Business Today

Little masters of the universe

Suveen K. Sinha        Print Edition: July 22, 2012

 
Archive: India's Best Banks
It was amusing to see my host, a man of about 40, dressed in a white shirt with two front pockets, with flaps. Didn't those things go out with tail fins on cars? Useless paraphernalia.

Not quite, it turned out. When the time came to pay the bill for our lunch, my host - MH for short; it would be tactless to name him - did not reach for his wallet in the back pocket. Instead, he undid a flap in front and took out a wad of currency notes. "We have not yet spent all of the fees we earned the last time," he said with a disarming smile. And thereby hangs a tale.

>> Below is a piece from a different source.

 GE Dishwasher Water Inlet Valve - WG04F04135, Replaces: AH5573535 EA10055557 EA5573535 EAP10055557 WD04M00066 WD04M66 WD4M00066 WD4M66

A few months ago, a man in his fifties climbed up the steps to MH's office, caught his breath, put a satchel on the table and said: "Here."

The satchel was packed with Rs 25 lakh in cash. MH had raised some working capital for this man's small business and he, brimming with gratitude, had come to pay the fees.

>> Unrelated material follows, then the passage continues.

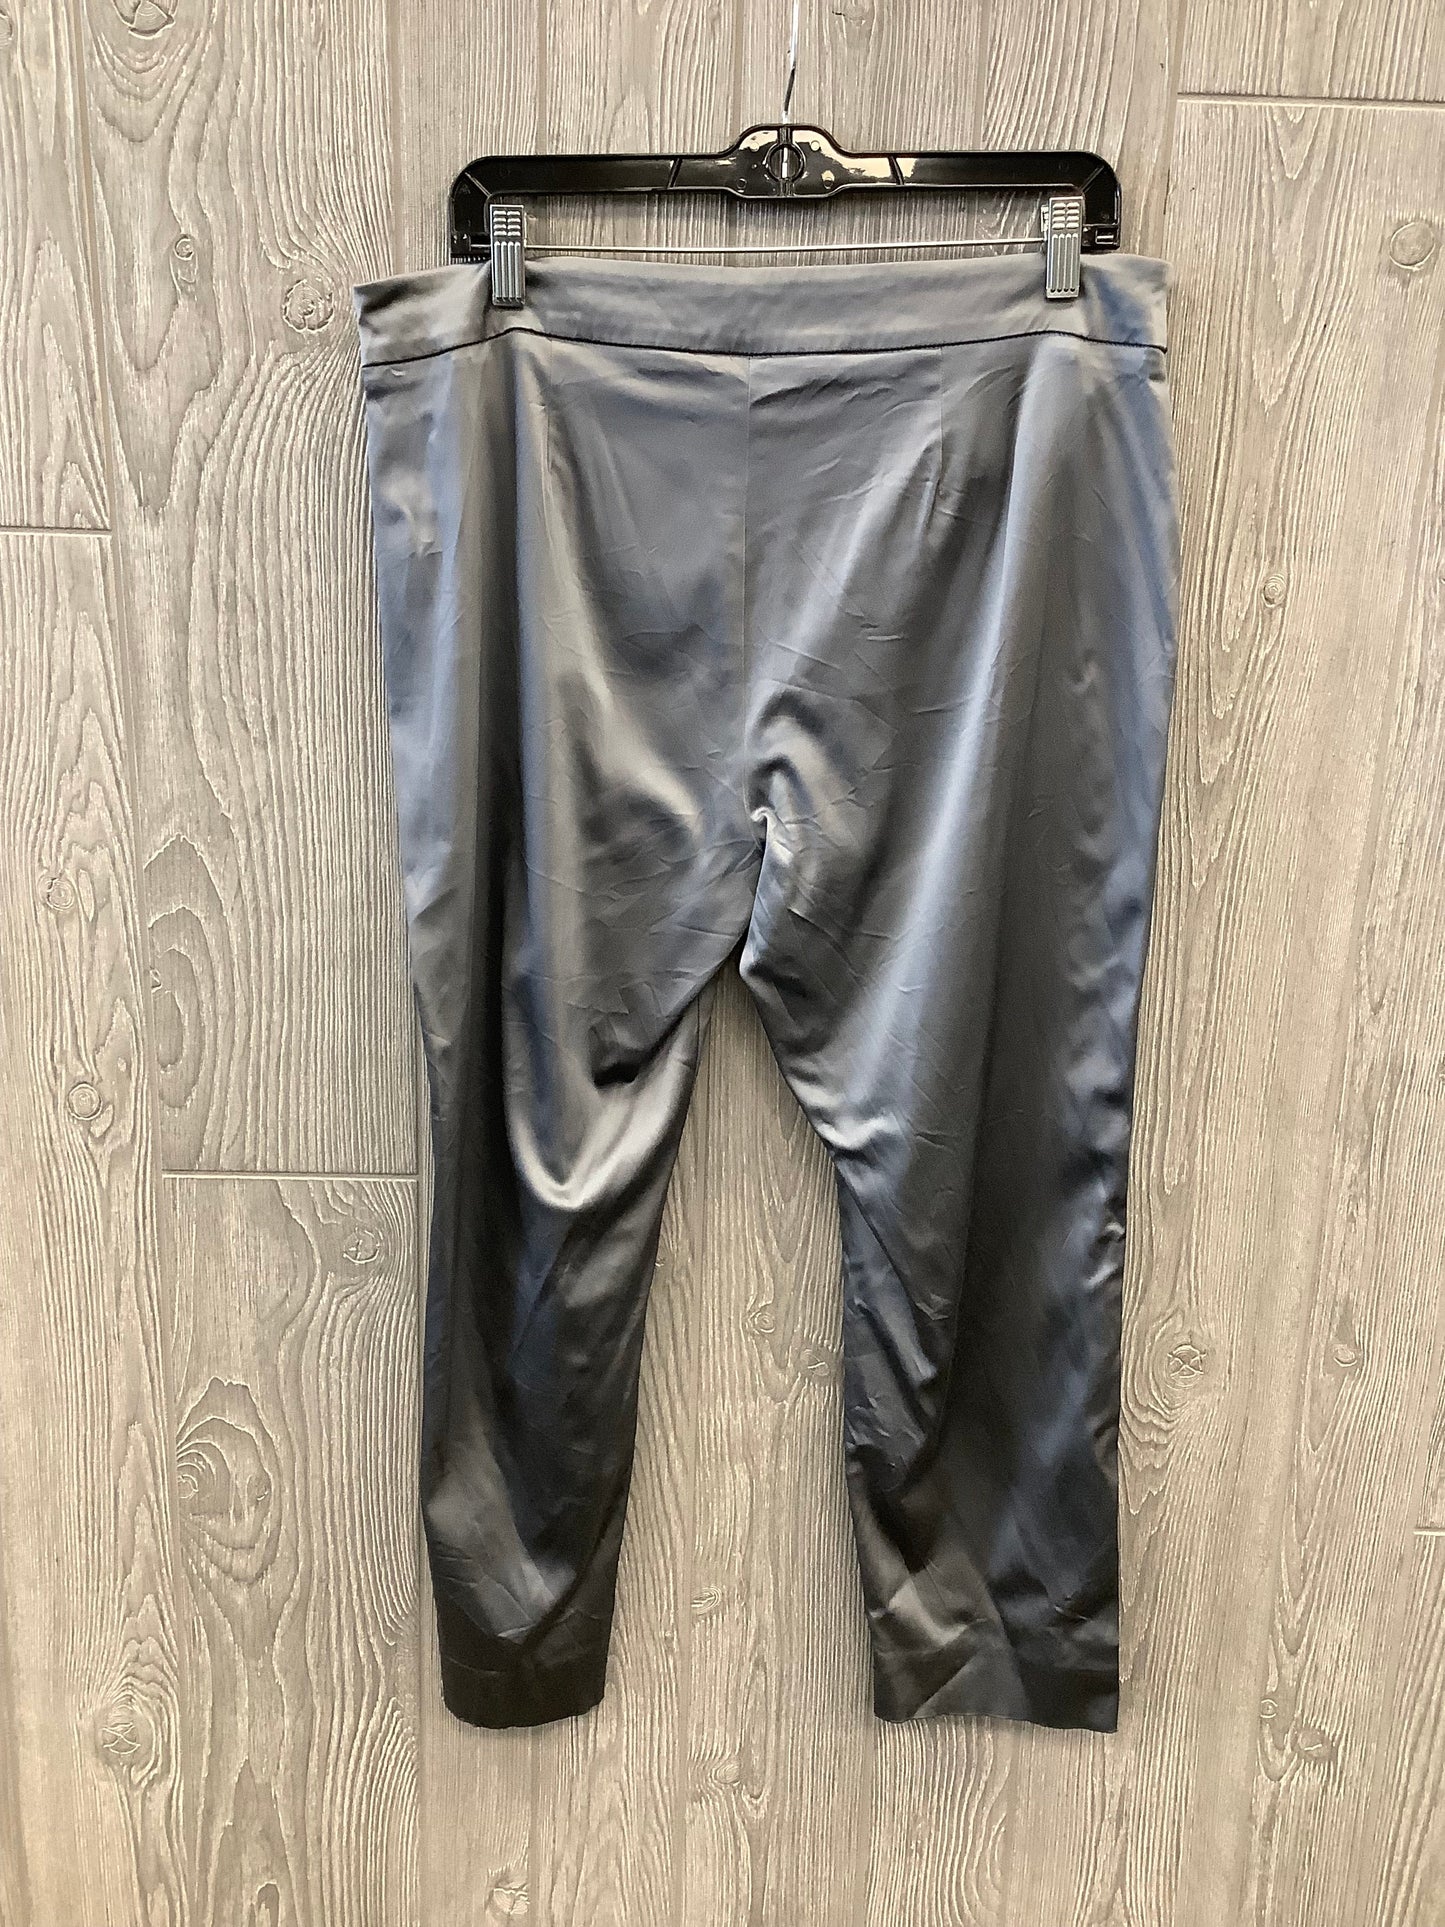 Pants Ankle By Talbots  Size: 14petite

Vipul Shah (L) and Mehul Savla
Vipul Shah (L) and Mehul Savla
| RippleWave Beginning: July 2008 |
First meaningful deal: May 2010 | No. of significant deals: 3 | Value: Rs 650 crore | Size of the team: 4
MH did not expect cash, but recovered quickly and told the client to come back after two days. When the client came back, MH simply kept the satchel. The client, unable to contain his curiosity, asked what had changed.

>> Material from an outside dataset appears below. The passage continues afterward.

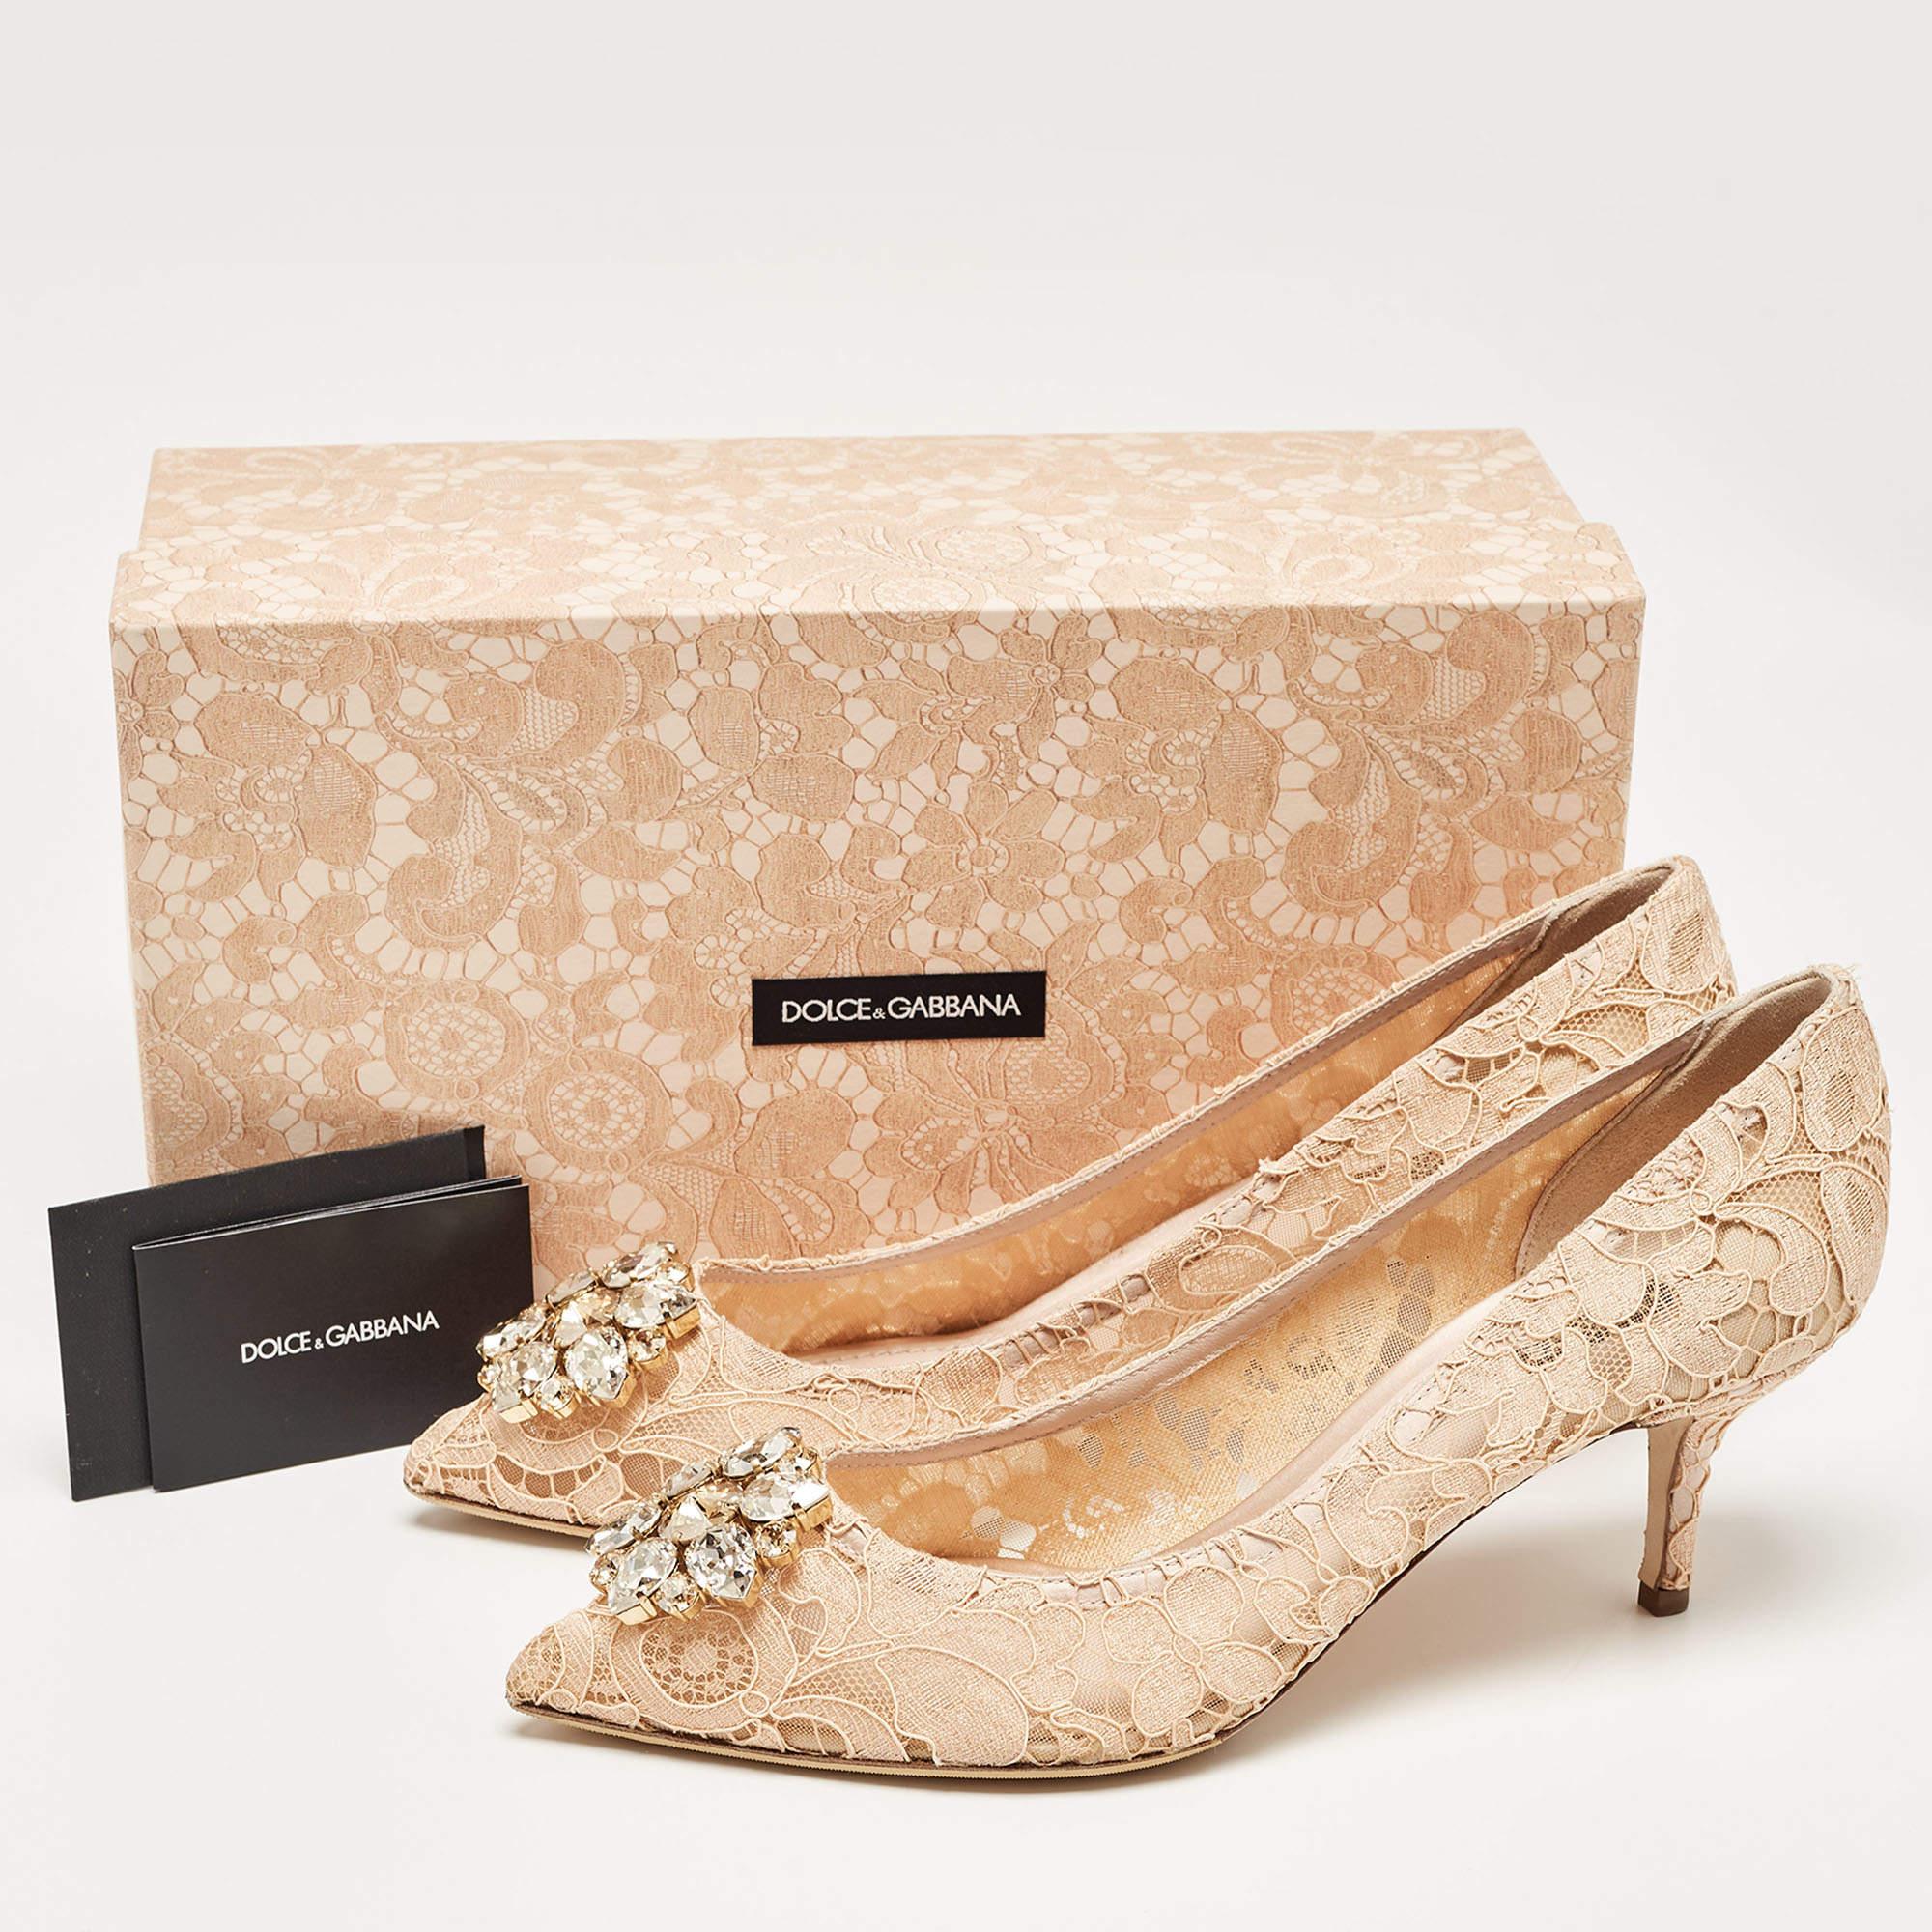 Dolce & Gabbana Peach Lace Bellucci Crystals Pumps Size 41 For Sale 5

Two things had. One, MH had installed a rock solid safe in his office. Two, he had got pest control done. Couldn't have allowed anything to eat into his fees, could he? MH's outfit, with a little burrow for an office, half a dozen researchers, one man to serve tea and coffee, and another to make photocopies and run to the bank, is what is these days called a boutique investment bank. At least a dozen of them have mushroomed in the last few years. They provide most of the services a full-blown investment bank does: advising on mergers and acquisitions, managing initial public offers, and raising all types of funds including private equity (PE) and bank debt. And they match the big boys in finesse, though one or two of them may have at some point found themselves staring at a satchel full of cash. They are happy to serve clients whose need for funds may be less than Rs 100 crore, sometimes less than Rs 50 crore. This is what the big investment banks - like Goldman Sachs, Morgan Stanley, J.P.Morgan, JM Financial and Kotak - won't do. Given the cost structures they have, with several partners, and dozens of associates and analysts getting fat paycheques, it makes sense for them to enter a deal only when the fees - 0.5 per cent in a bad market, two per cent if they are lucky - are enough to take care of the crew. For that, the deal size ought to be Rs 200 crore or more.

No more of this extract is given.